L’ultimo episodio si è verificato durante la finale dei Mondiali di calcio 2026 tra Spagna e Argentina, disputata nel New Jersey. Alcaraz ha portato il trofeo sul terreno di gioco prima dell’incontro e ha poi festeggiato il successo per 1-0 della nazionale spagnola. Le telecamere hanno però mostrato una protezione proprio nella zona interessata dall’infortunio.
L’immagine ha immediatamente alimentato nuovi timori. Il sette volte campione Slam è fermo dall’ATP 500 di Barcellona, dove aveva accusato il problema dopo il primo incontro. Da allora ha progressivamente rinunciato agli appuntamenti successivi, senza comunicare una data definitiva per il rientro.

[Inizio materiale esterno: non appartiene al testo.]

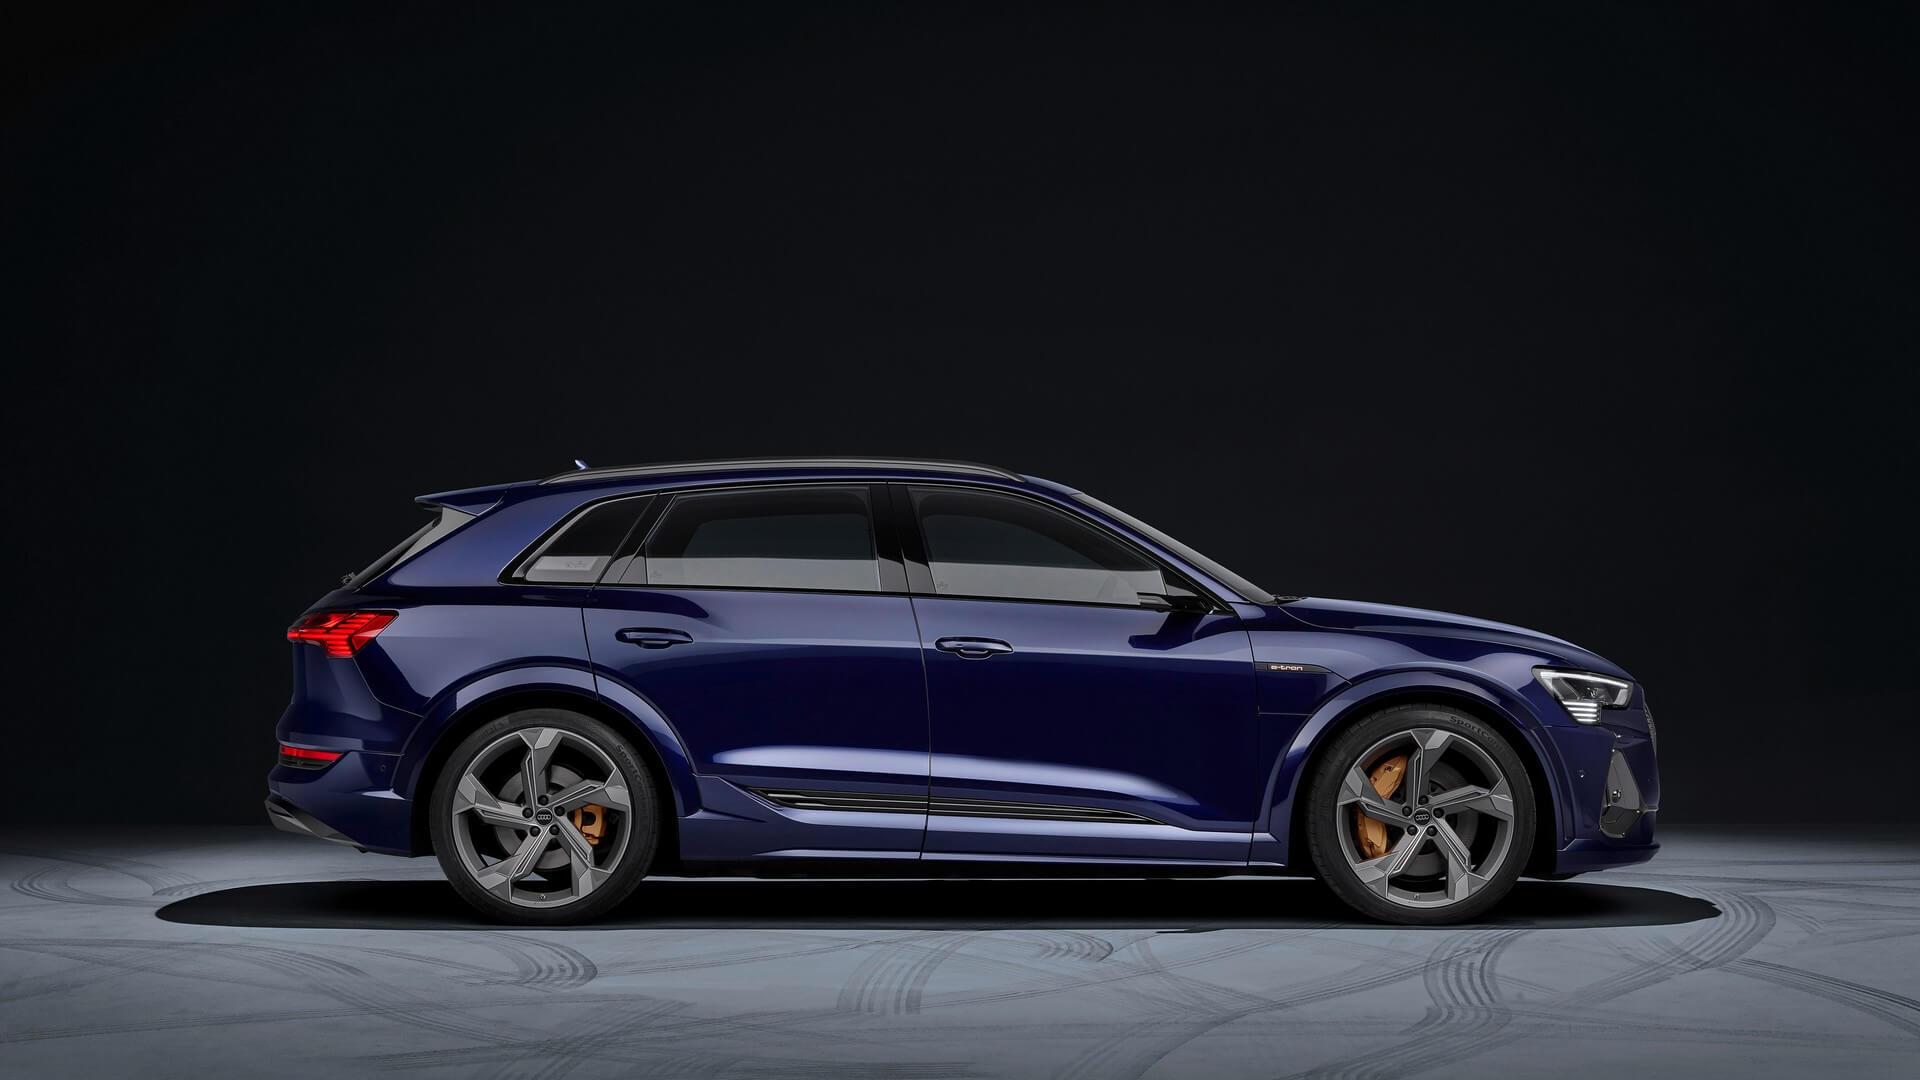 Audi-E-Tron-S-and-E-Tron-S-Sportback-2020-32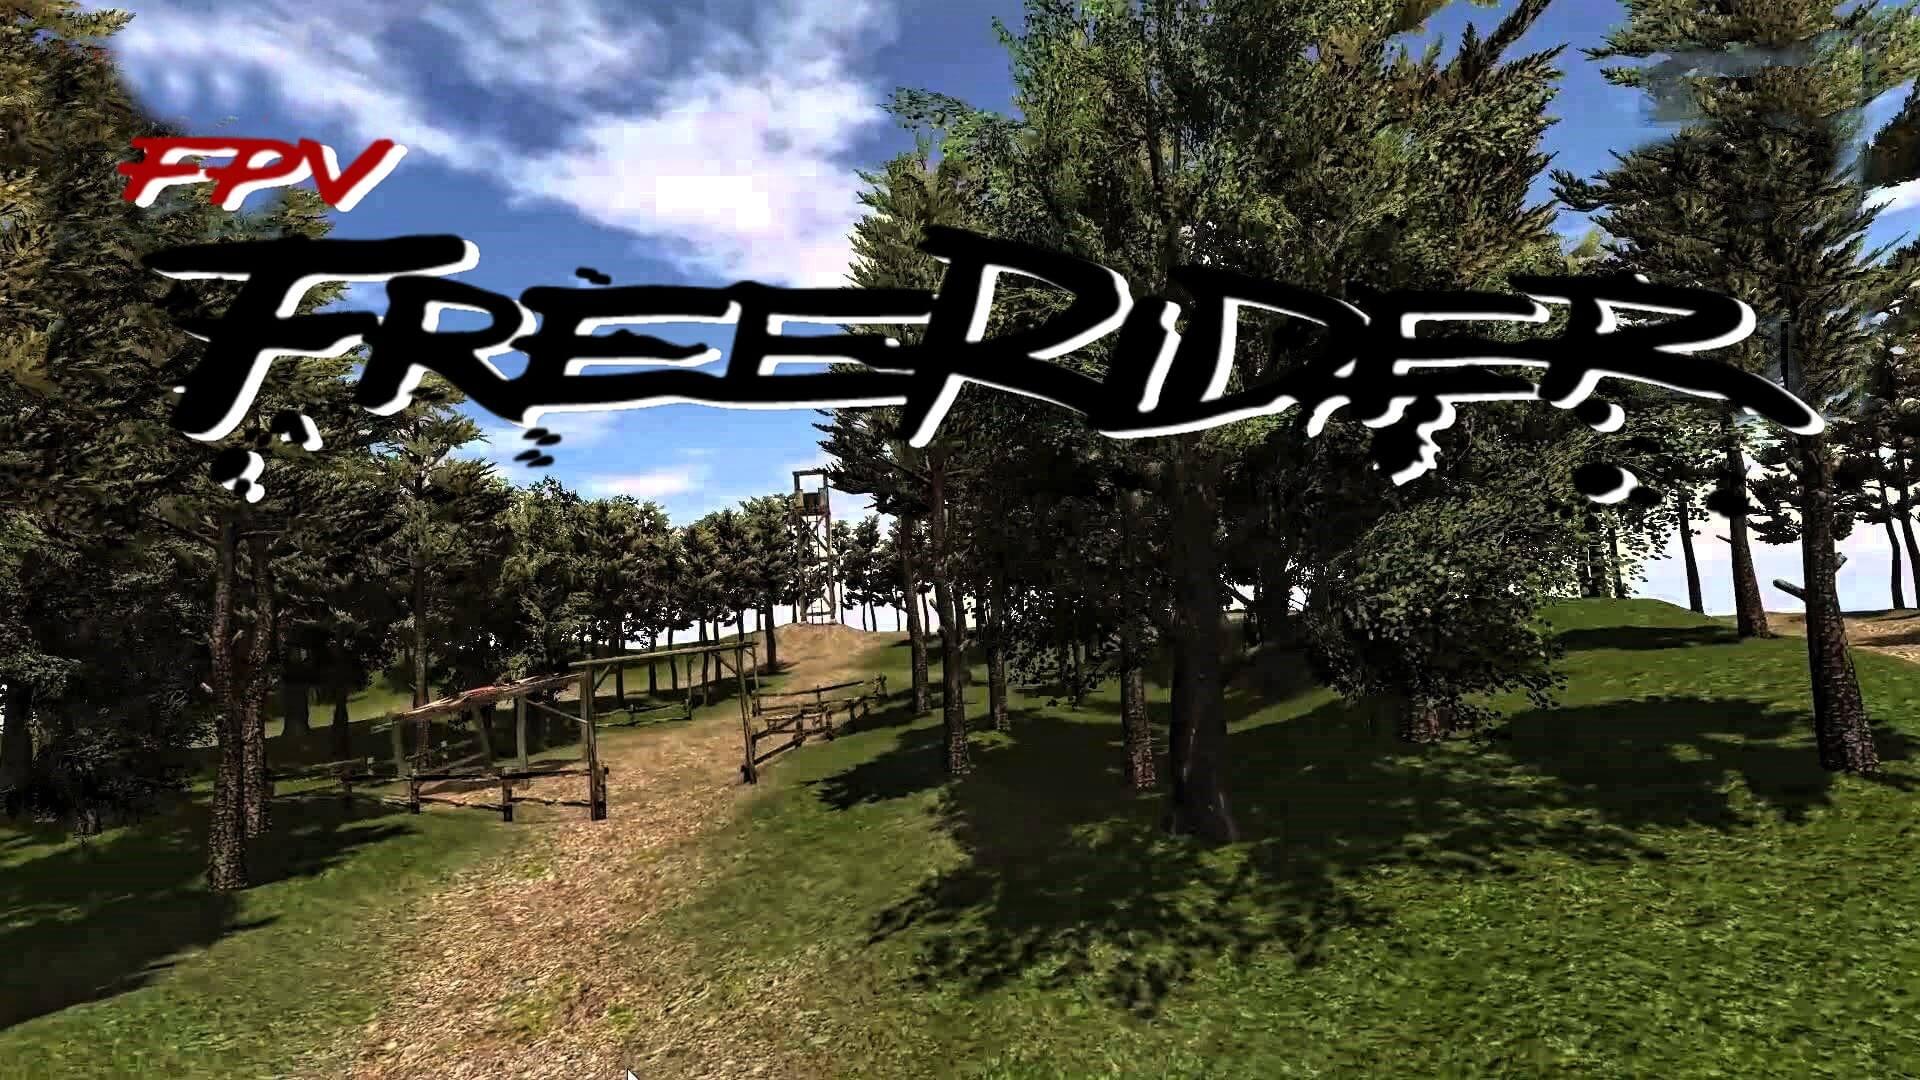 freerider-splash fpv racingdrone drohne simulator

La spiegazione alternativa di Andy Roddick
Nel podcast Served, Andy Roddick ha ammesso di essersi inizialmente preoccupato vedendo la fasciatura, ma ha poi avanzato un’ipotesi decisamente più rassicurante.
“La mia prima reazione è stata: ‘Oh mio Dio, non è un buon segnale’. Però, se fossi al suo posto e mi trovassi circondato da moltissime persone dopo un infortunio al polso, indosserei certamente qualcosa che dicesse: ‘Non venite a stringermi la mano’. Potrebbe essere semplicemente questo”, ha osservato l’ex numero uno del mondo.
Secondo Roddick, la protezione potrebbe quindi aver avuto soprattutto una funzione preventiva. Durante un evento così affollato, Alcaraz era circondato da calciatori, autorità, tifosi e numerose persone desiderose di salutarlo. Coprire il polso avrebbe rappresentato un modo immediato per evitare centinaia di strette di mano e possibili movimenti involontari.
“Se mi trovassi alla finale del Mondiale e dovessi stringere 250 mani, magari con qualcuno che ha bevuto qualche bicchiere e viene verso di me, lo capirei perfettamente”, ha aggiunto l’americano.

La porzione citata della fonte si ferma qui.